Gel preparations of calcium gluconate are used to treat hydrofluoric acid burns. The calcium gluconate reacts with hydrofluoric acid to form insoluble, non-toxic calcium fluoride. In addition to a 2.5% calcium gluconate gel being applied directly to the chemical burn, the victim should be provided with oral or injected calcium supplementation because the fluoride ion (F^{−}) precipitates serum calcium and can thus prompt hypocalcemia.

===Cardiac arrest===
While intravenous calcium has been used in cardiac arrest, its general use is not recommended.
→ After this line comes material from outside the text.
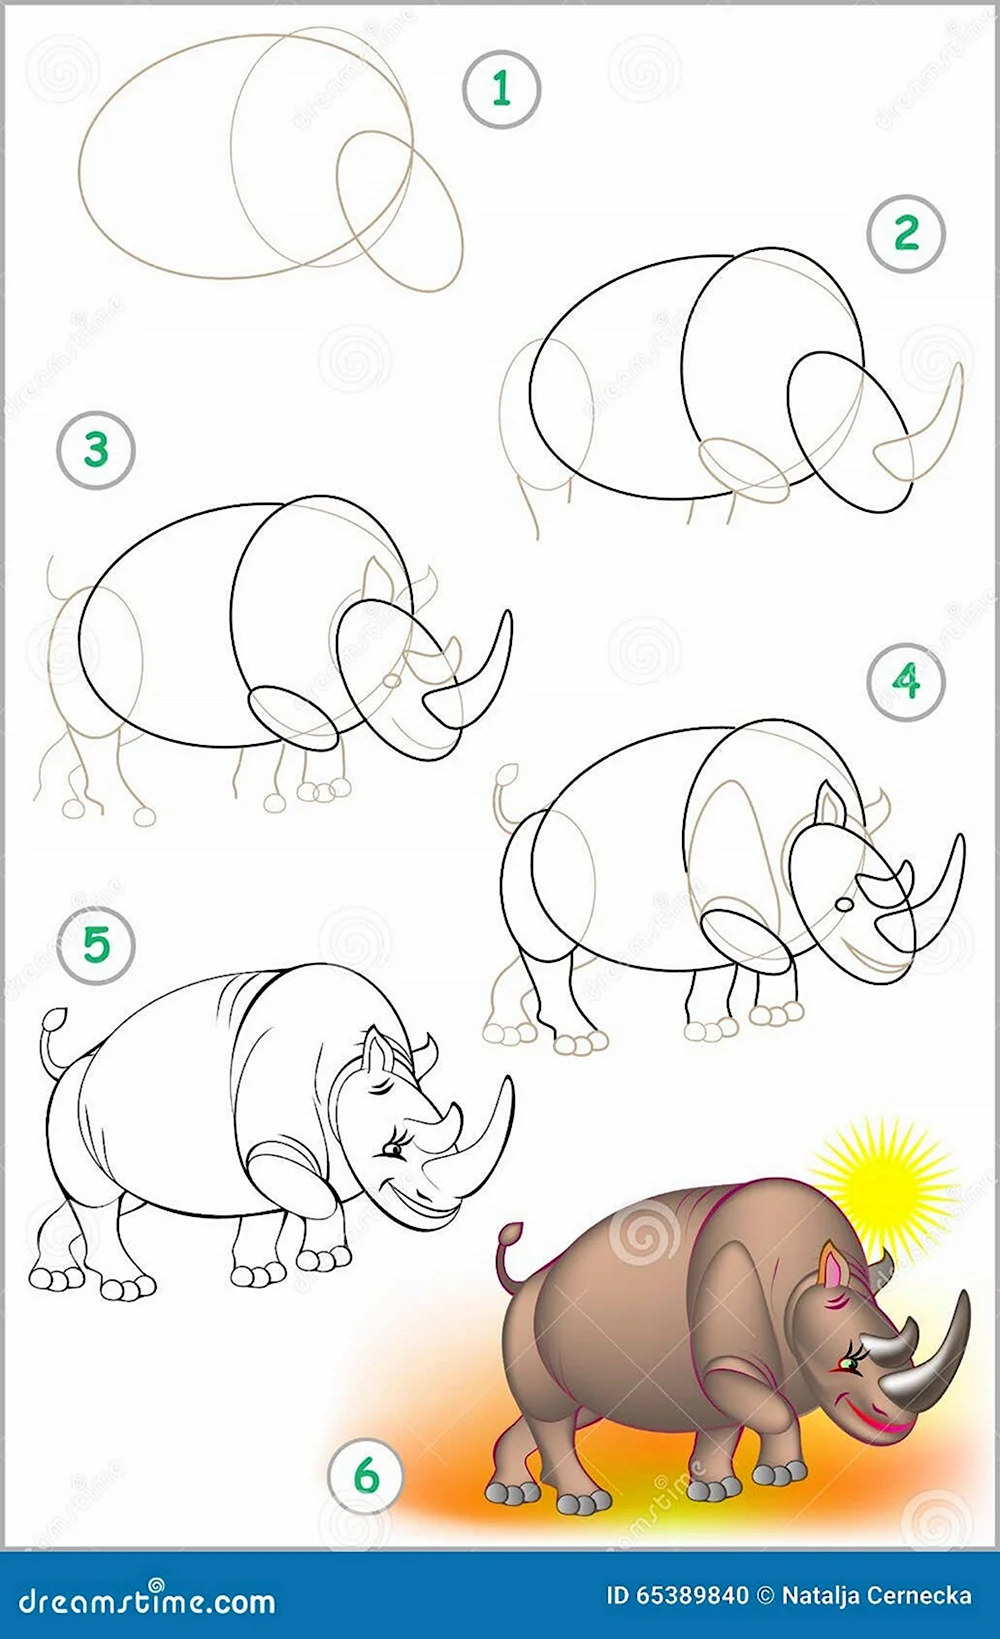 Поэтапное рисование носорога для детей

Cases of cardiac arrest in which it is still recommended include high blood potassium, low blood calcium such as may occur following blood transfusions, and calcium channel blocker overdose. There is the potential that general use could worsen outcomes. If calcium is used, calcium chloride is generally the recommended form.

==Side effects==
Calcium gluconate side effects include nausea, constipation, and upset stomach. Rapid intravenous injections of calcium gluconate may cause hypercalcemia, which can result in vasodilation, cardiac arrhythmias, decreased blood pressure, and bradycardia. Extravasation of calcium gluconate can lead to cellulitis. Intramuscular injections may lead to local necrosis and abscess formation.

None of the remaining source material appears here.